Imagine that! It was a revolutionary act. People could have been killed for doing such things back in 1955.

We all know the story of Parks, the ensuing bus boycott, and the emergence of Martin Luther King, Jr. and Ralph Abernathy as civil rights leaders. But did you know that another great trailblazer did pretty much the same thing more than a decade before Parks’ seminal stand?

Jackie Robinson — yep, the baseball player who integrated the Major Leagues in 1947 — was arrested and charged in 1944 while he was a lieutenant in the US Army with the 761st “Black Panthers” Tank Battalion at Camp Hood, Texas. He got on a bus on a July day that year and took a seat near the front. The driver told him he was to go to the back of the bus. Robinson — a hardhead if there ever was one — told the driver to mind his own business. The two argued until the bus came to Robinson’s stop, at which point a bus company official had arrived, just in time to call Robinson a “nigger.”

Robinson

Jack Roosevelt Robinson

The argument continued at full blast, drawing a crowd of onlookers. MPs arrived and asked Robinson to come in for questioning. Before they were able to leave, another MP dashed up and asked, loudly, if the first MPs had collared “the nigger lieutenant.”

At this point, Robinson, just as loudly, announced the he’d “break in two” the next guy who called him a nigger.

When the MPs and Robinson finally did arrive at headquarters to sort out the affair, investigators dropped more racial pejoratives. Their overall tone indicated to Robinson that he wasn’t about to get a fair shake so he simply walked out.
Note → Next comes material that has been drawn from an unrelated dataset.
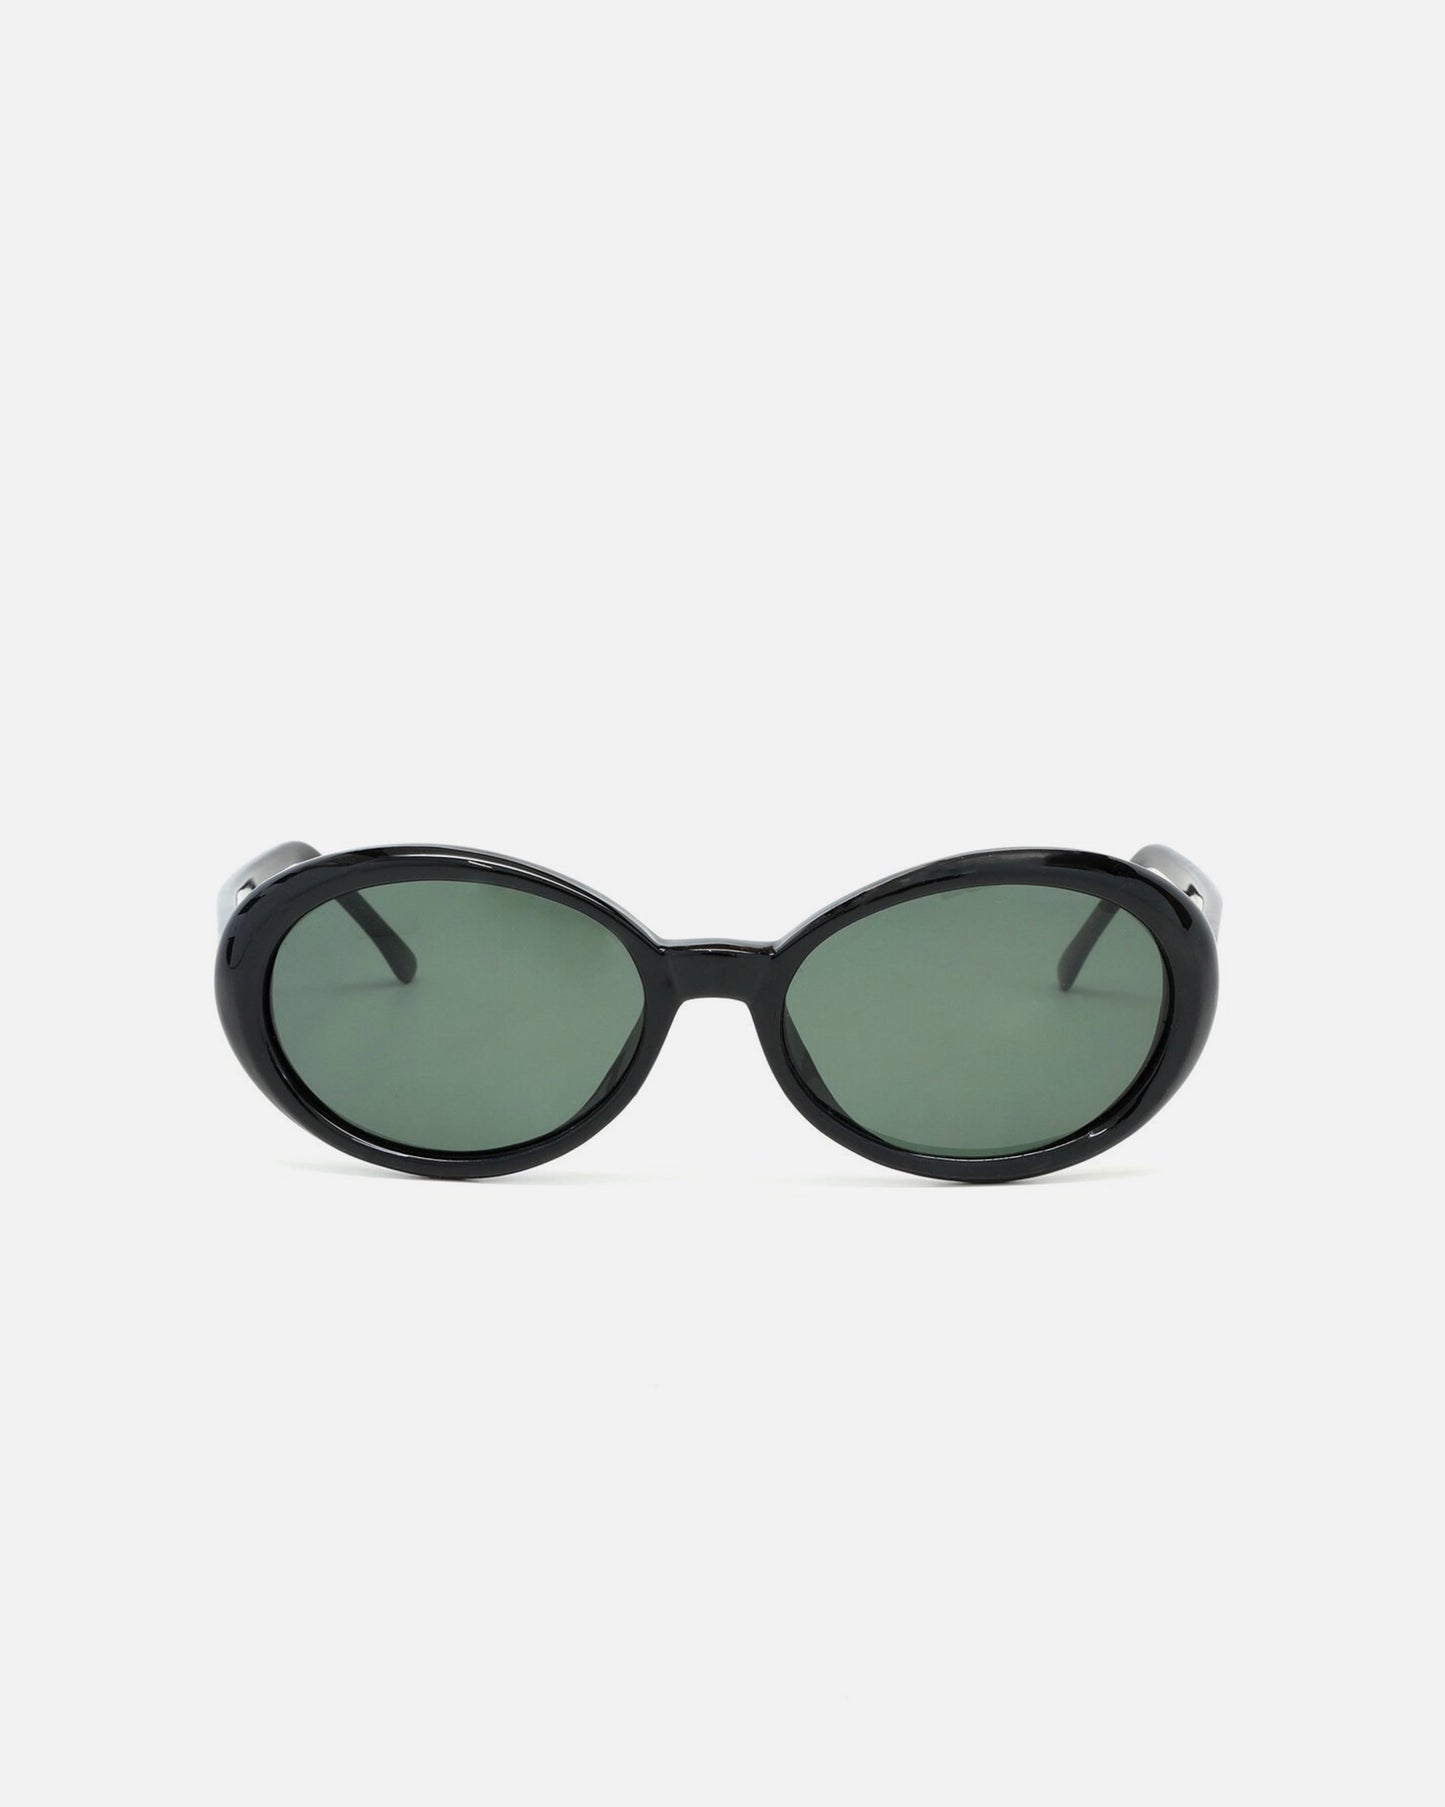 NOS  Mod Oval Black Frame Sunglasses

Well, the investigators found that kind of uppity-ness unbearable so they recommended Robinson be brought before a court martial. Robinson’s battalion commander refused to press charges so the Army immediately transferred him to another unit. His new commander happily wrote up the court martial, charging Robinson with, among other things, insubordination and being drunk. Funny thing was Robinson did not drink, but silly things like the truth have rarely concerned racists.
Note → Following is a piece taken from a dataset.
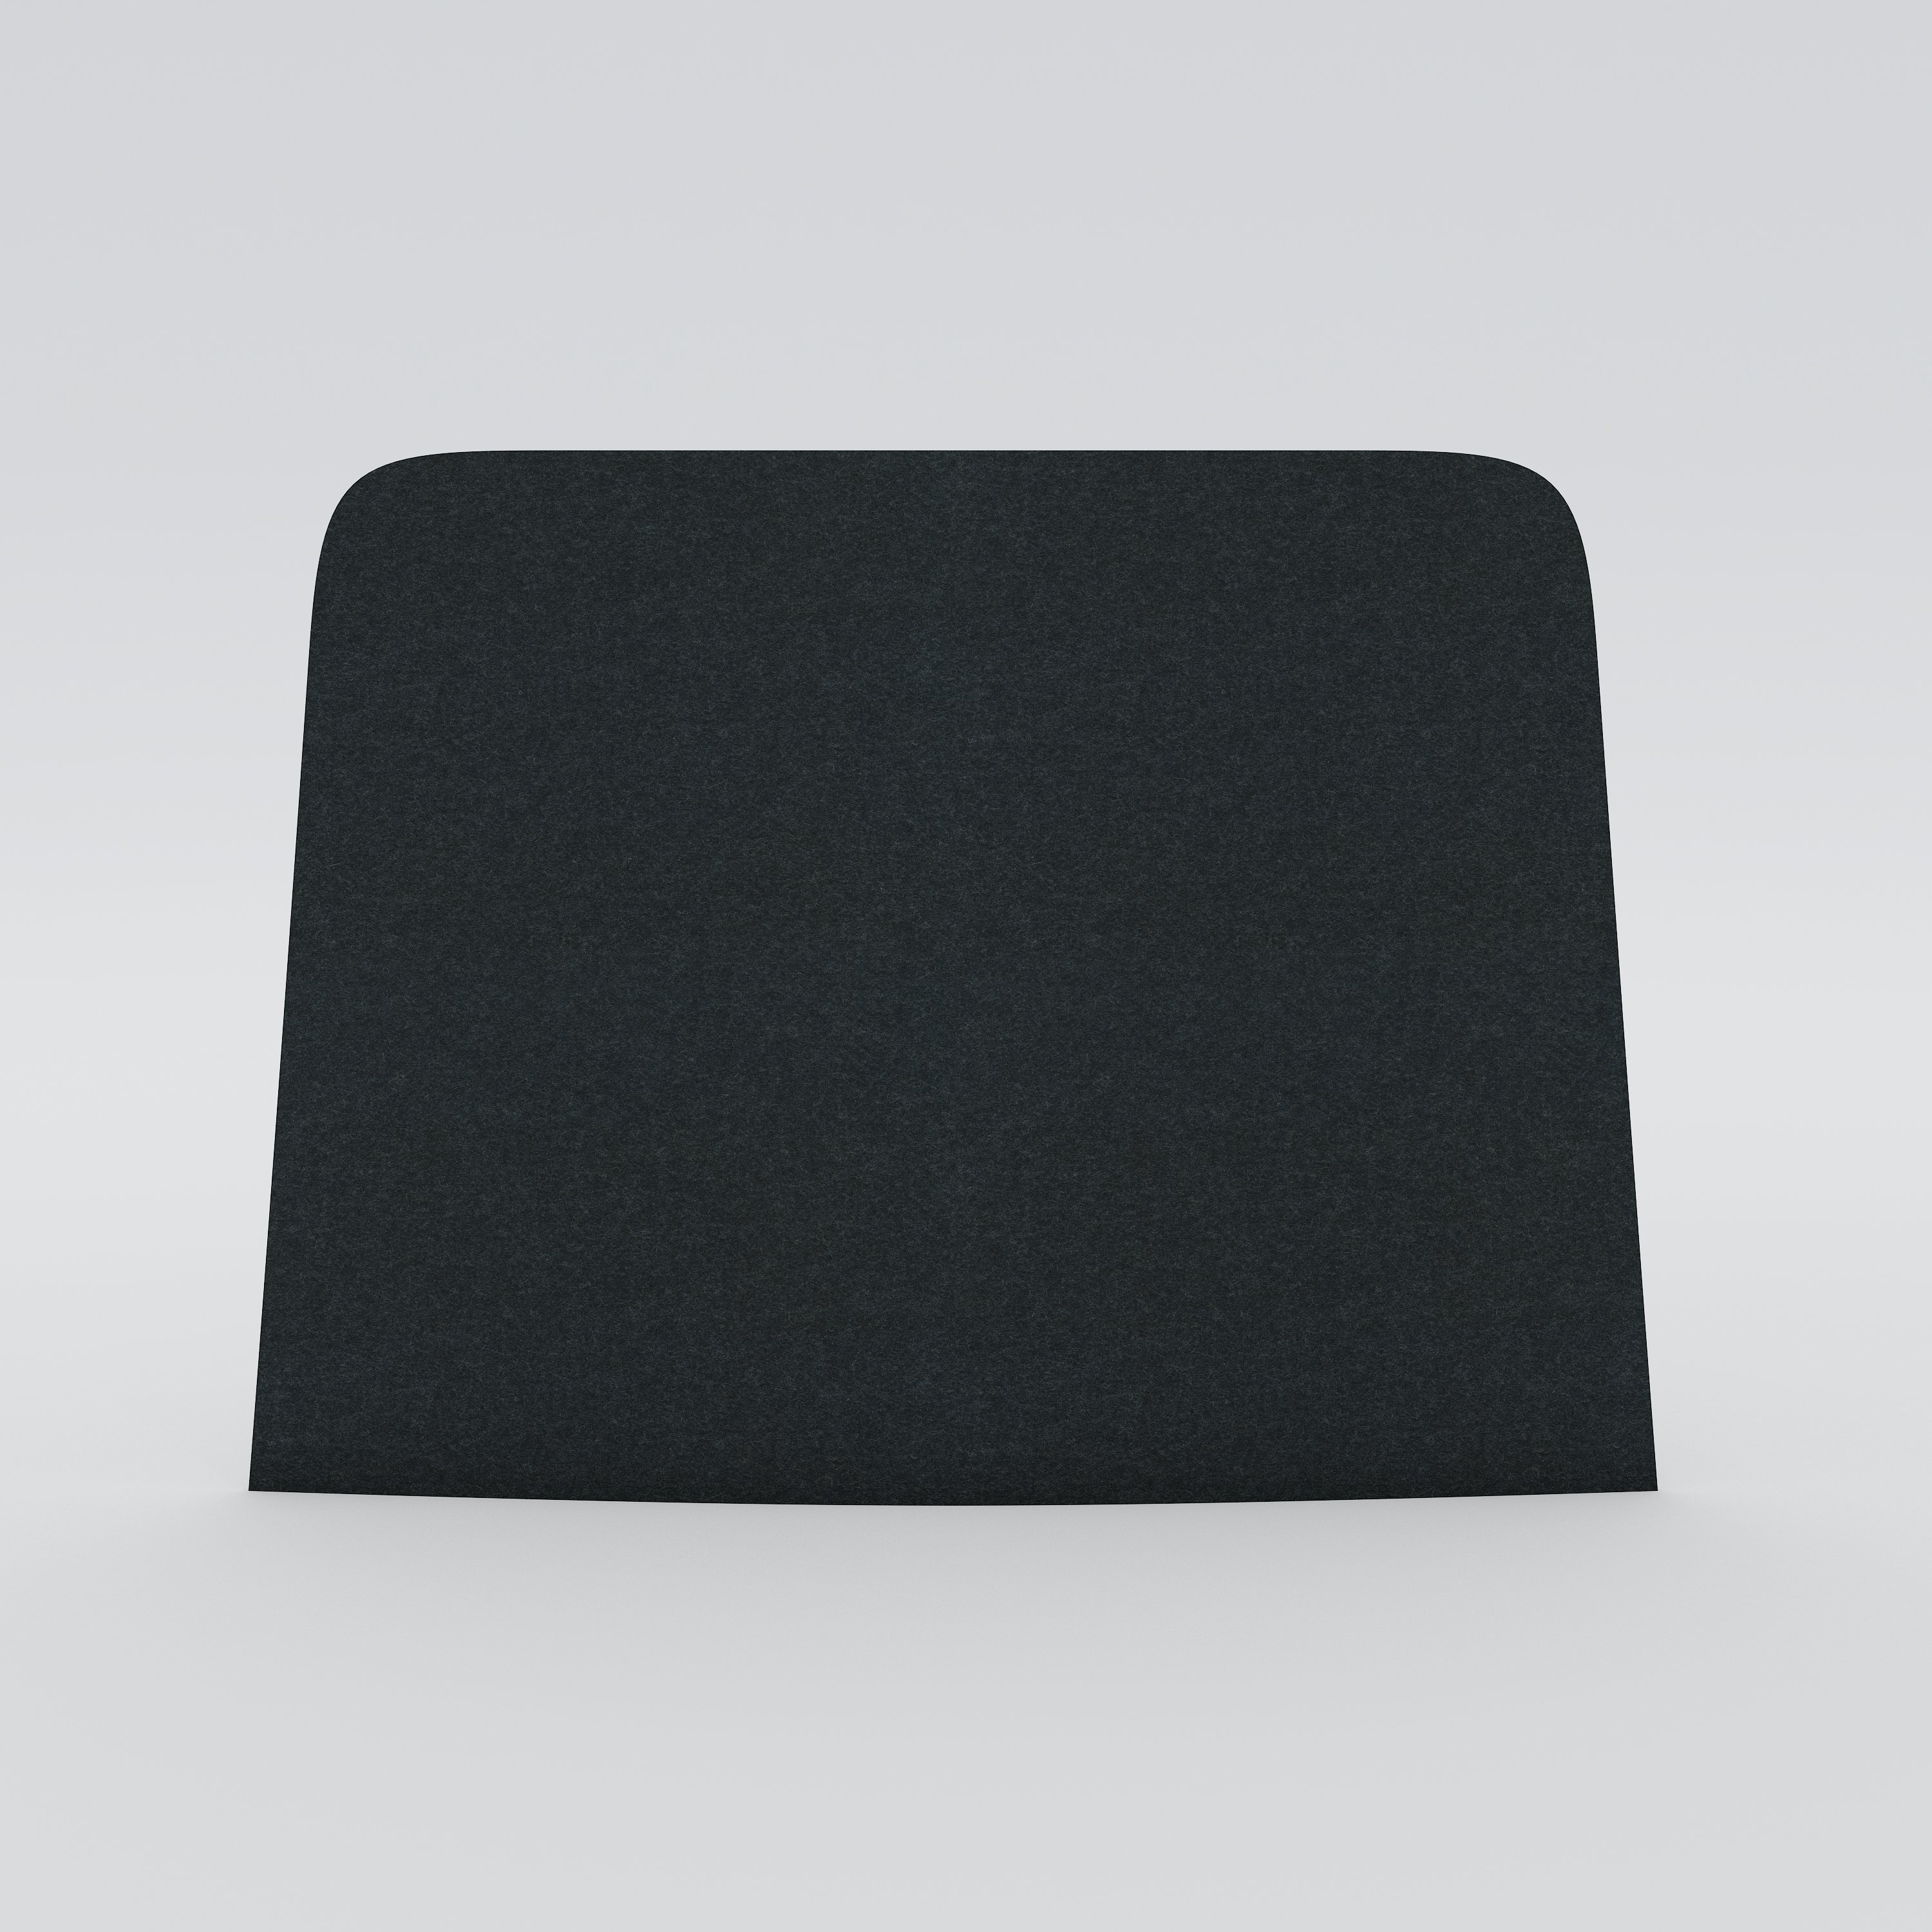 Table screen Ease, dark gray felt upholstery, 600x450

Robinson was confined to quarters until his trial which took place the next month before an all-white panel of judges. In the meantime, Robinson wrote a letter complaining of his treatment to the War Department and notified the NAACP and black newspapers about his predicament.
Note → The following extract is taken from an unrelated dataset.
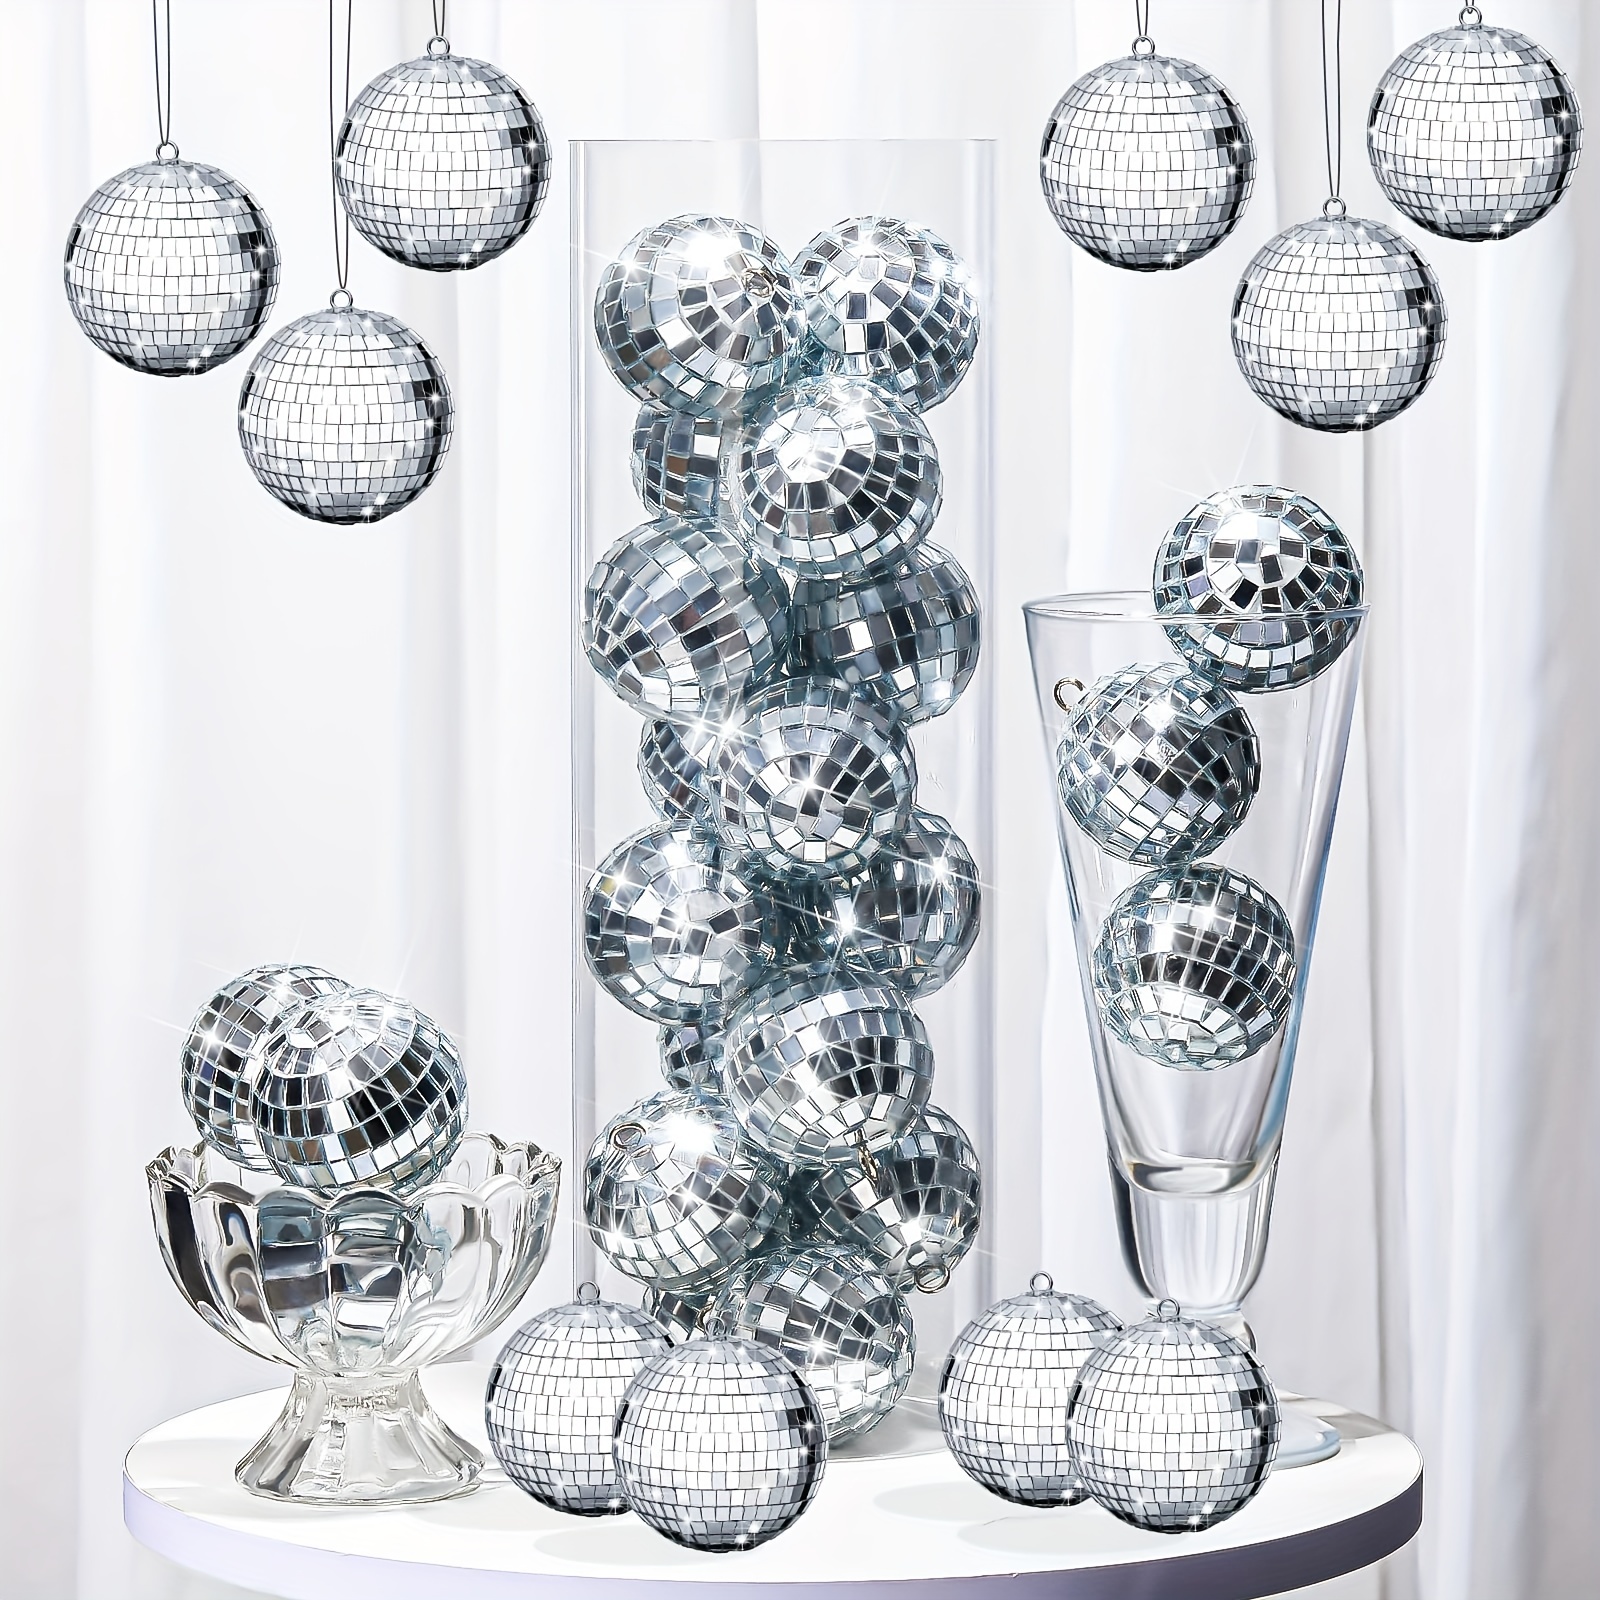 Sumind 50 Pcs Disco Balls Ornaments Mini Disco Balls Silver

Fortunately for him, the Army at the time was slowly but surely becoming more cognizant of civil rights for its black members. In fact, the Army had outlawed segregation on its buses long before the original incident, making the driver’s accusation against Robinson a red herring. Still, there was enough vestigial racism in the military that the trumped up charges could be prosecuted. In any case, the judges acquitted him.

Court Martial Verdict

All’s well that ends well, sure, but being subjected to the court martial certainly was the very definition of harassment and persecution. The Army would be desegregated fully by presidential order in 1948. But, to be sure, the state of race relations around the nation would be a source of legal upheaval, murder, and rioting for decades to come.

Yes, things are better now. But a pessimist might point out that although the public usage of terms like nigger is frowned upon now, racists have devised clever codes to say, essentially, the same thing. Otherwise, why would anyone call the first dark-skinned President of the United States, as proud a practicing capitalist as can be found in 50 states, a socialist? And why would some wags to this day doubt that he is a “real American”?

We’ve come a long way. Yet we have a long way to go.